An emotional affair can be more damaging than a physical affair. You did this in the honeymoon phase of the marriage. 

You need to give him space and accept that he may want to end this. How can he trust you when the real marriage and labor of love kicks in? You are in the stage where it should have come easy to love him alone.


----------



## s.k (Feb 27, 2010)

You hurt him really bad having an emotional affair is a hard thing to get over. It will make the oither person feel useless and unworthy. I think you need ot give him his space but send him a text to let him know that you love him and that you made a mistake andit wont happen again also you understand that he needs time to think if that doesnt work then you both need to sit down and talk and see where your marriage goes from there.


----------



## accept (Dec 1, 2011)

If his family are also against you, you will have a hard job. *He has never been the type of person that misses something or initiates things.* That means you had problems before.
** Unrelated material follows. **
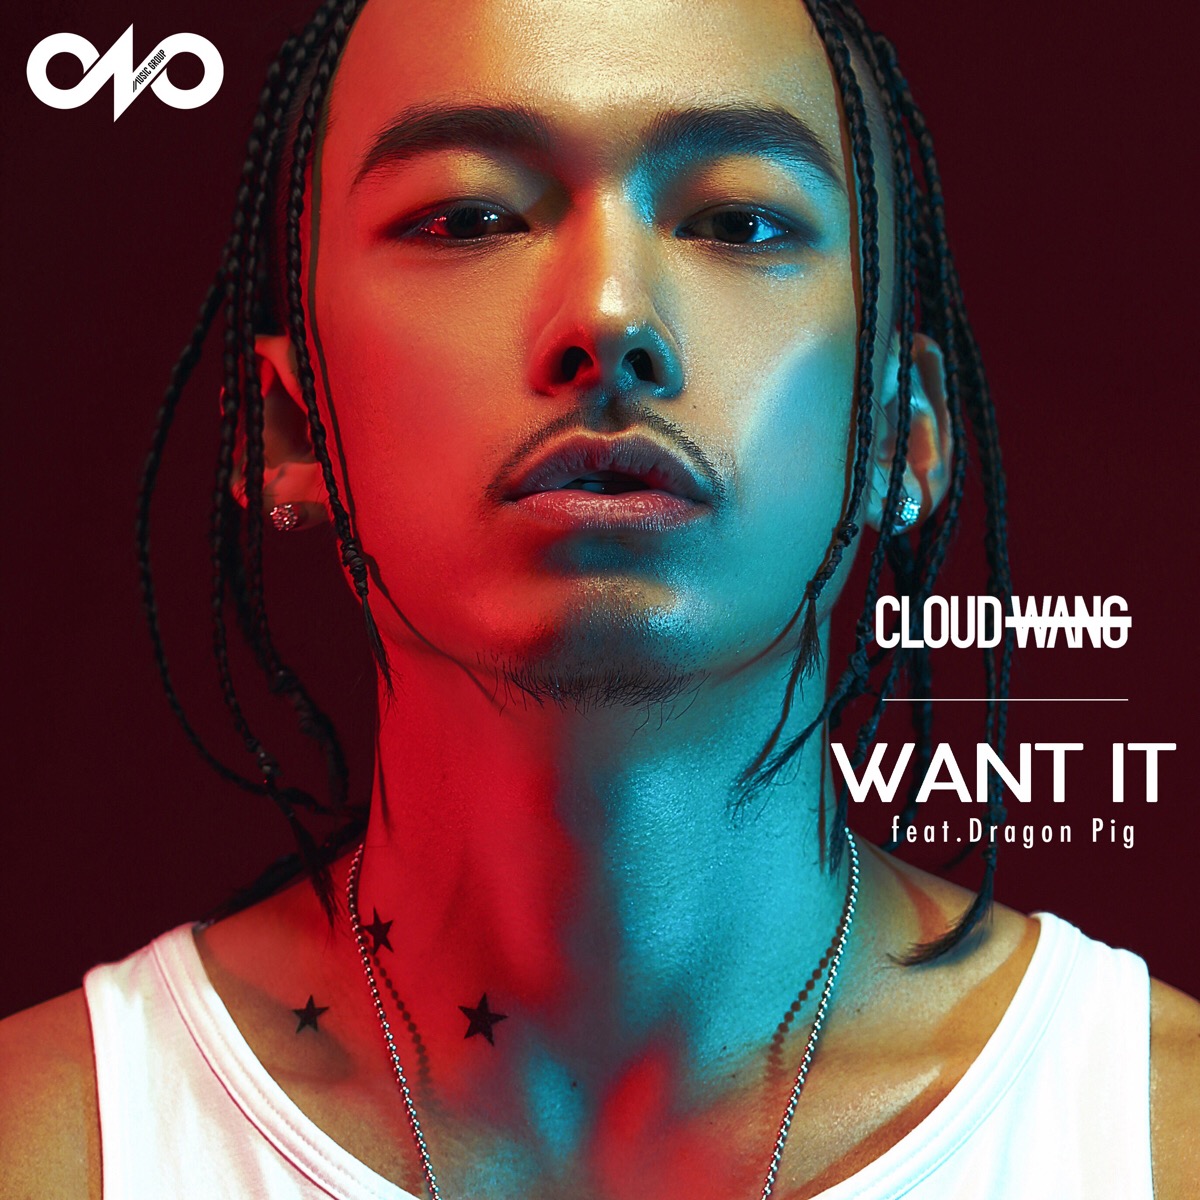 want it — cloudwang/dragonpig
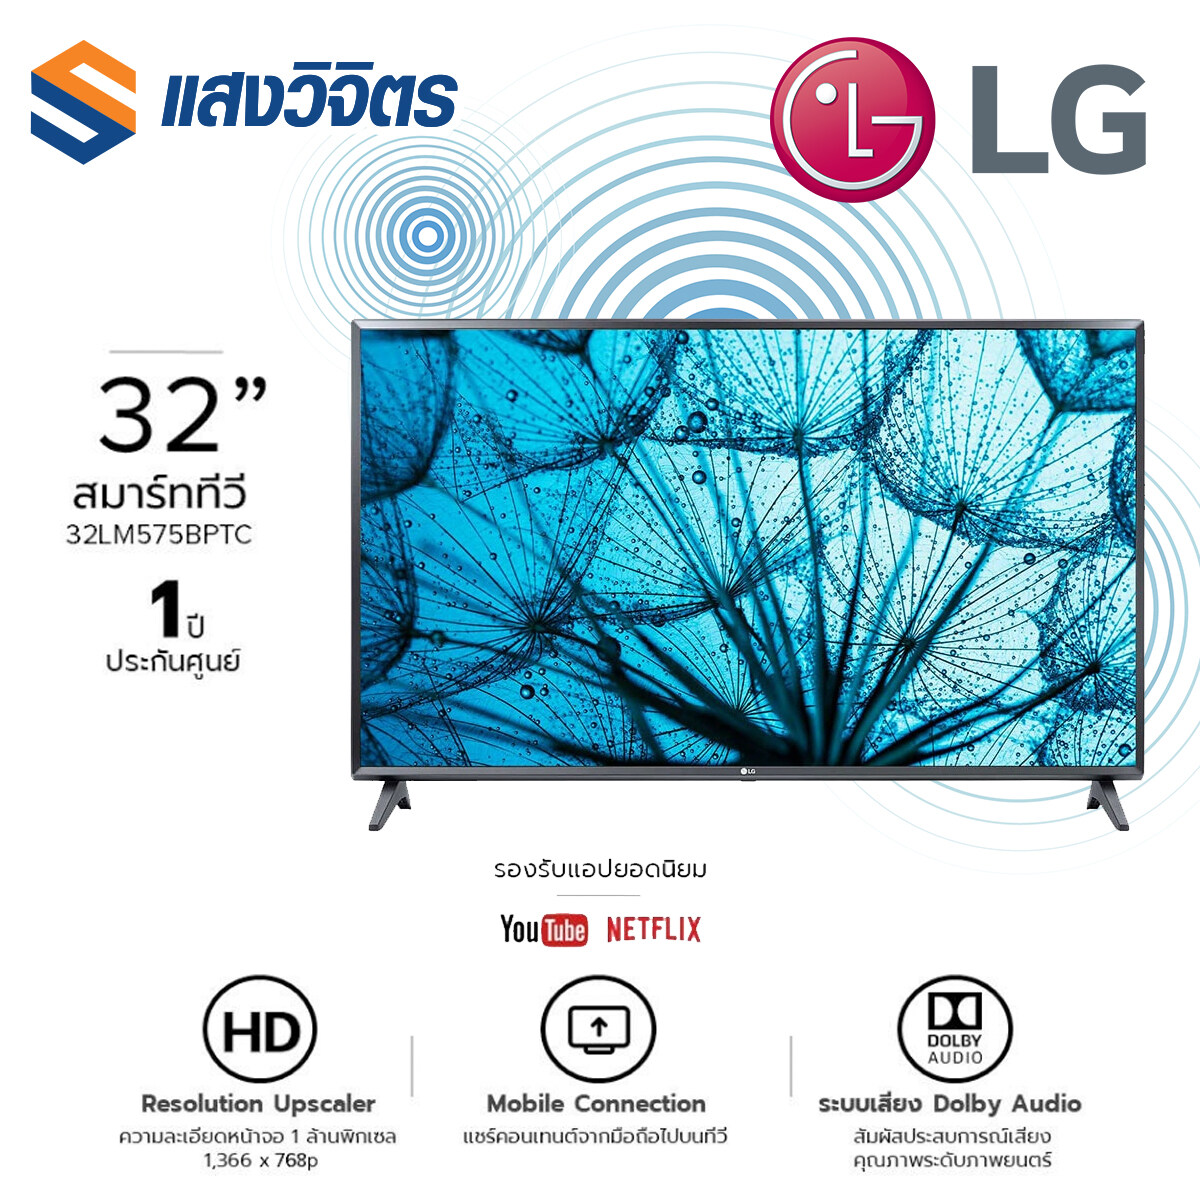 LG แอลจี สมาร์ททีวี HD LED รุ่น 32LM575 ขนาด 32 นิ้ว Web Browser Netflix Dolby Audio รับประกันศูนย์ 1 ปี

Maybe you were nagging him and he sees this as a way out. I dont think its the affair what you have to convince him with was a mistake, but the way the marriage was before that. Try and tell him how you will improve it.


----------



## exitor98 (Jan 9, 2012)

You brought this on yourself.


----------



## stoomey74 (Sep 20, 2009)

Even though she brought it on herself we should still help her. Any more thoughts? I have nothing but I am probably relating to her husband more.


----------



## Jellybeans (Mar 8, 2011)

How did your husband find out???

Really, all you can do is hope for the best and prepare for the worst. The ball is completely in his court.

He knows you want him back and he hasn't been receptive to him. Maybe you could write him a letter. Oh and a no brainer: cutting off all contact with the man you cheated with.


----------



## exitor98 (Jan 9, 2012)

I guess what I can't figure out is what made you think that having the relationship with this other guy could possibly be a good idea.

I wish you luck though.


----------